### EXERCISE DETAILS
Write out, exactly and in full, the line where "For Orders Contact: +91" appears together with all lines that follow it in the entries below. Do not include pictures.

### MATERIALS PROVIDED
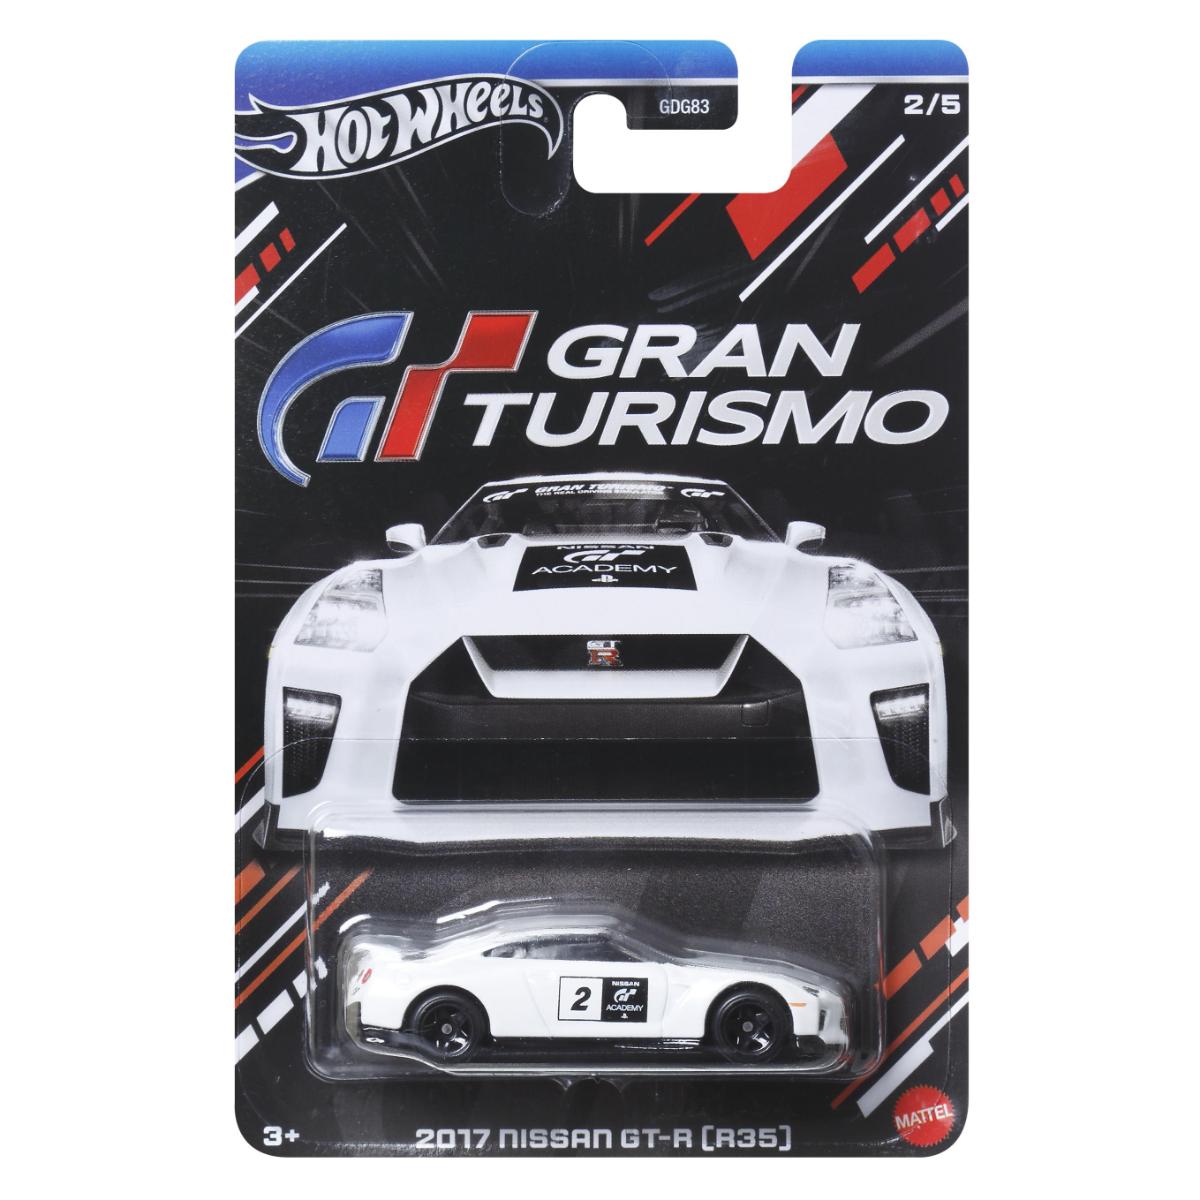 Masinuta metalica, Hot Wheels, Gran Turismo, 2017 Nissan GT-R (R35) HRV64
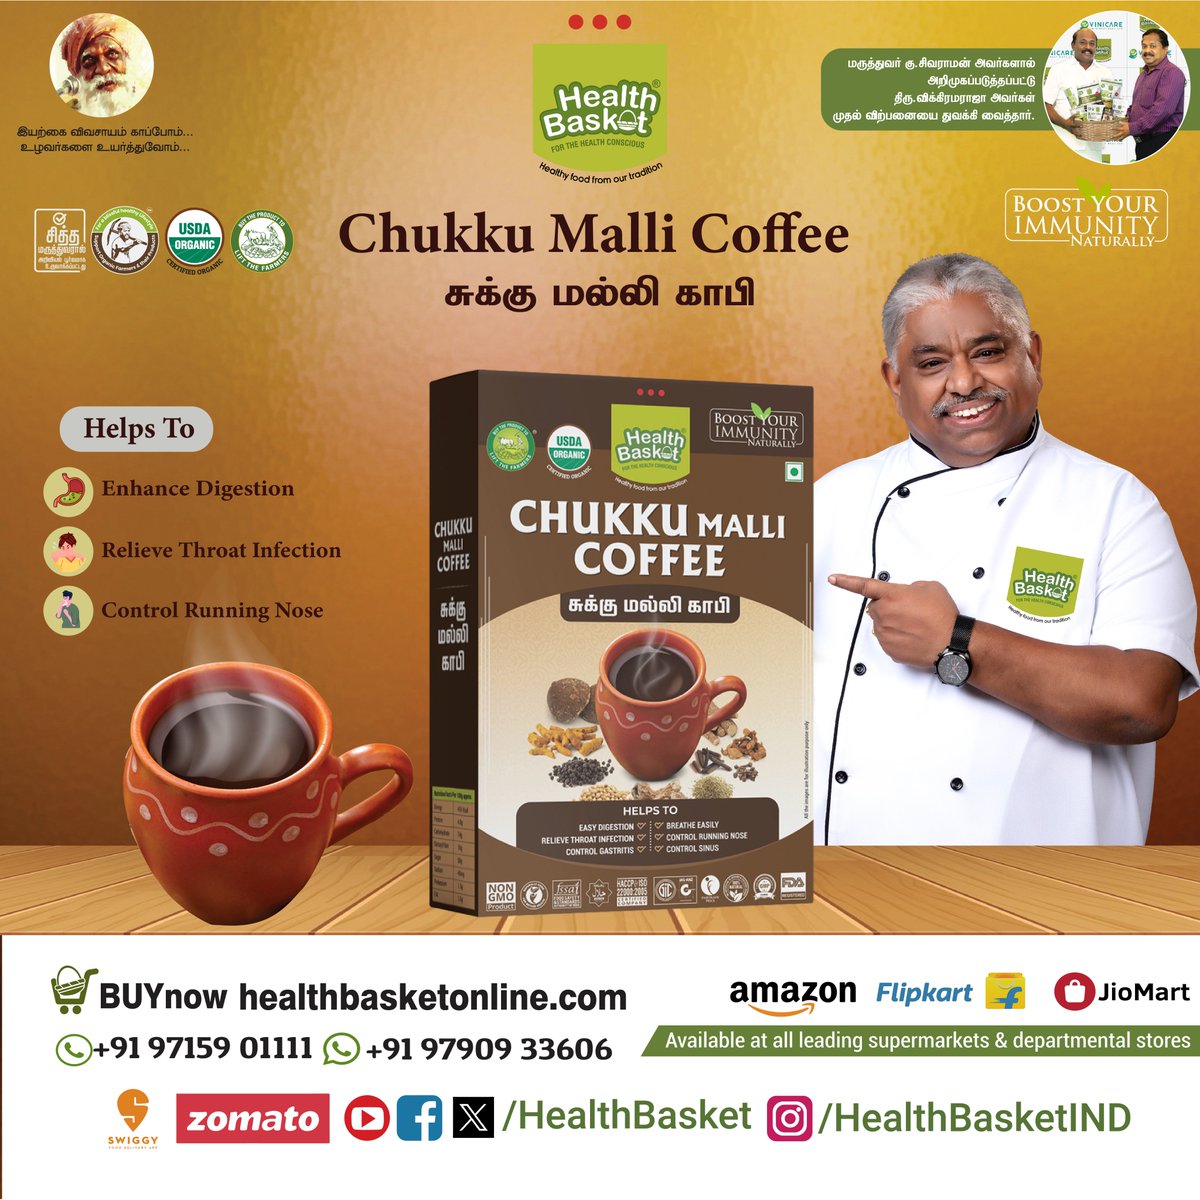 Health Basket  Multi Millet Chukku Malli Coffee

For Orders Contact: +91 97159 01111 or WhatsApp +91
97909 33606
Visit healthbasketonline.com for more Details.
#chukkumallicoffee #karupatticoffee #HealthyDrink #healthbasket
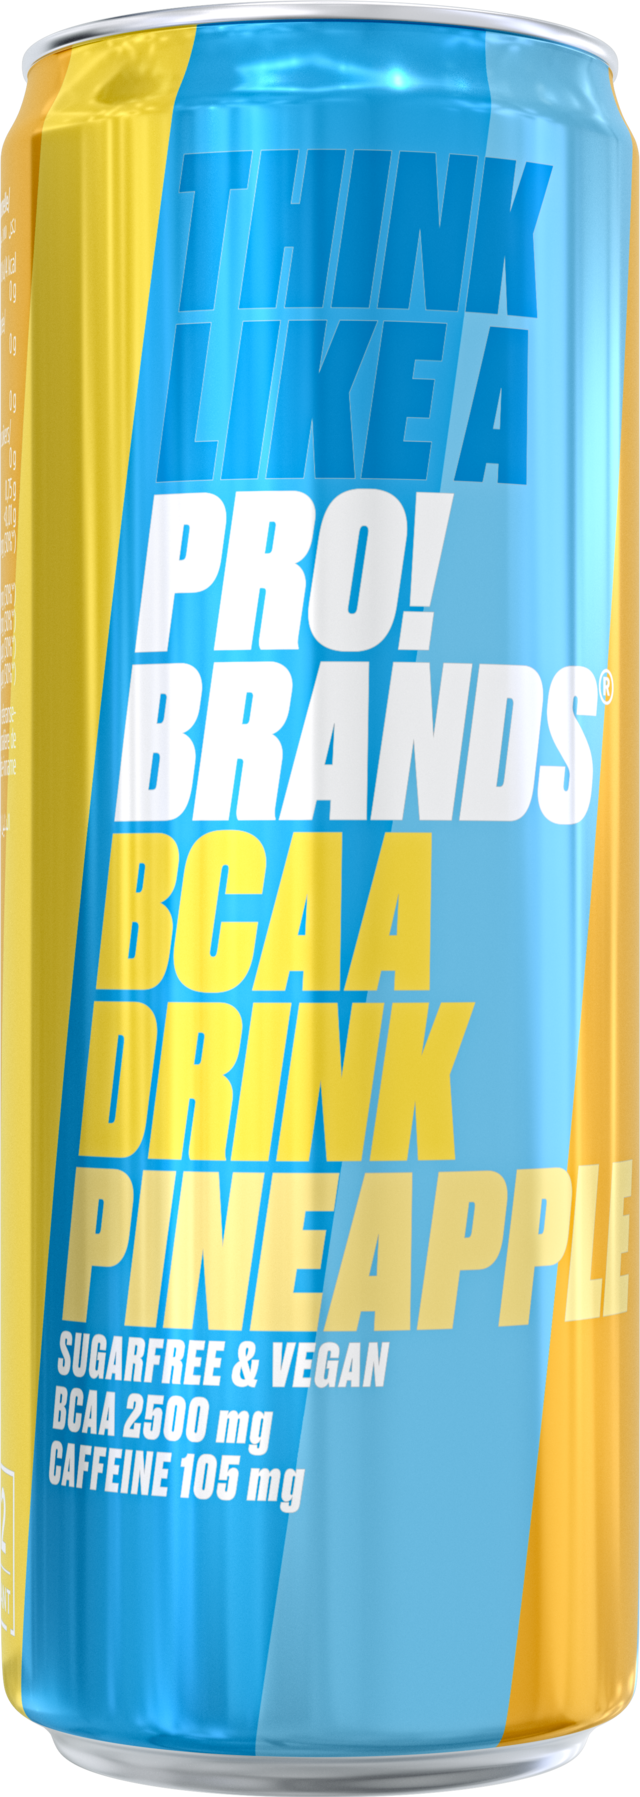 PB_BCAA_Drink_Pineapple_export_330ml.1.png

### EXPECTED OUTPUT
For Orders Contact: +91 97159 01111 or WhatsApp +91
97909 33606
Visit healthbasketonline.com for more Details.
#chukkumallicoffee #karupatticoffee #HealthyDrink #healthbasket
 PB_BCAA_Drink_Pineapple_export_330ml.1.png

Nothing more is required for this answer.